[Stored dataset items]
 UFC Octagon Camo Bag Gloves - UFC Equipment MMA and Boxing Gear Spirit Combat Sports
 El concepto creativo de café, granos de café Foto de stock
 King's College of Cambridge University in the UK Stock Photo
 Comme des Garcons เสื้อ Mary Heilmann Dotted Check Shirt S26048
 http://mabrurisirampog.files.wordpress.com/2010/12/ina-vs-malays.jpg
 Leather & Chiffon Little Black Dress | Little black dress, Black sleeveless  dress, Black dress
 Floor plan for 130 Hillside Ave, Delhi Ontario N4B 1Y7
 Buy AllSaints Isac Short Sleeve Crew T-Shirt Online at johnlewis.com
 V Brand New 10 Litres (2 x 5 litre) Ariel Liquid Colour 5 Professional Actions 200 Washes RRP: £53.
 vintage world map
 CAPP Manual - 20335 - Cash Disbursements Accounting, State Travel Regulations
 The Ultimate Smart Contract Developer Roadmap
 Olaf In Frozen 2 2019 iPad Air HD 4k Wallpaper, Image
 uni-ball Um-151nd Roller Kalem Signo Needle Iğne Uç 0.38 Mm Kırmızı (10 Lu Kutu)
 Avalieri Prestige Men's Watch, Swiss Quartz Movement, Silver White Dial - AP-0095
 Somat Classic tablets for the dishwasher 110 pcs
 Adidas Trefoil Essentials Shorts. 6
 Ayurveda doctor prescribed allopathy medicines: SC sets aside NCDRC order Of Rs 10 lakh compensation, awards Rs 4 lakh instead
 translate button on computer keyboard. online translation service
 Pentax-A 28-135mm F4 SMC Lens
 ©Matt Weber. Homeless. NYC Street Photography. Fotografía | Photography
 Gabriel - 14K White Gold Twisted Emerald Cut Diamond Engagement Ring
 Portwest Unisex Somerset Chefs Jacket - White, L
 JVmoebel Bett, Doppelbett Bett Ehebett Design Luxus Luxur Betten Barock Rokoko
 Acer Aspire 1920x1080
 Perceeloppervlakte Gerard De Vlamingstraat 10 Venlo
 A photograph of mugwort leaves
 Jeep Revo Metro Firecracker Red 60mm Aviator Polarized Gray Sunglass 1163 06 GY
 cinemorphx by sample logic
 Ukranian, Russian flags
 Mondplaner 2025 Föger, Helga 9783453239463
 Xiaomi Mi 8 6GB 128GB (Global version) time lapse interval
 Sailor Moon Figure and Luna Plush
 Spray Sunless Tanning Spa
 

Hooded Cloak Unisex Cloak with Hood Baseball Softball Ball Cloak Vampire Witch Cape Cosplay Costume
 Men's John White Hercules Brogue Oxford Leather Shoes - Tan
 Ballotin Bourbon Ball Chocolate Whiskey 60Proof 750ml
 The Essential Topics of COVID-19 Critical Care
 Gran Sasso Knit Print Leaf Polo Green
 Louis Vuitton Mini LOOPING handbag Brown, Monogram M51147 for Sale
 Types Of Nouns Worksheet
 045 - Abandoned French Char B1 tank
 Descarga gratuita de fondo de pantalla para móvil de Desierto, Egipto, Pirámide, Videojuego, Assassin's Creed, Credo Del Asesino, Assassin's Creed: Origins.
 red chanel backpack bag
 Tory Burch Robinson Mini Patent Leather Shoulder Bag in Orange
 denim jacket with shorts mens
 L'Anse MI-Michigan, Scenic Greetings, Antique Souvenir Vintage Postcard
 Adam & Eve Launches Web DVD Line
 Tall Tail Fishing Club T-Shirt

* Goal of the exercise
Reproduce exactly, please, only the lines from the start of the data above to the line that contains "Comme des Garcons", with both ends kept.

* Written answer
 UFC Octagon Camo Bag Gloves - UFC Equipment MMA and Boxing Gear Spirit Combat Sports
 El concepto creativo de café, granos de café Foto de stock
 King's College of Cambridge University in the UK Stock Photo
 Comme des Garcons เสื้อ Mary Heilmann Dotted Check Shirt S26048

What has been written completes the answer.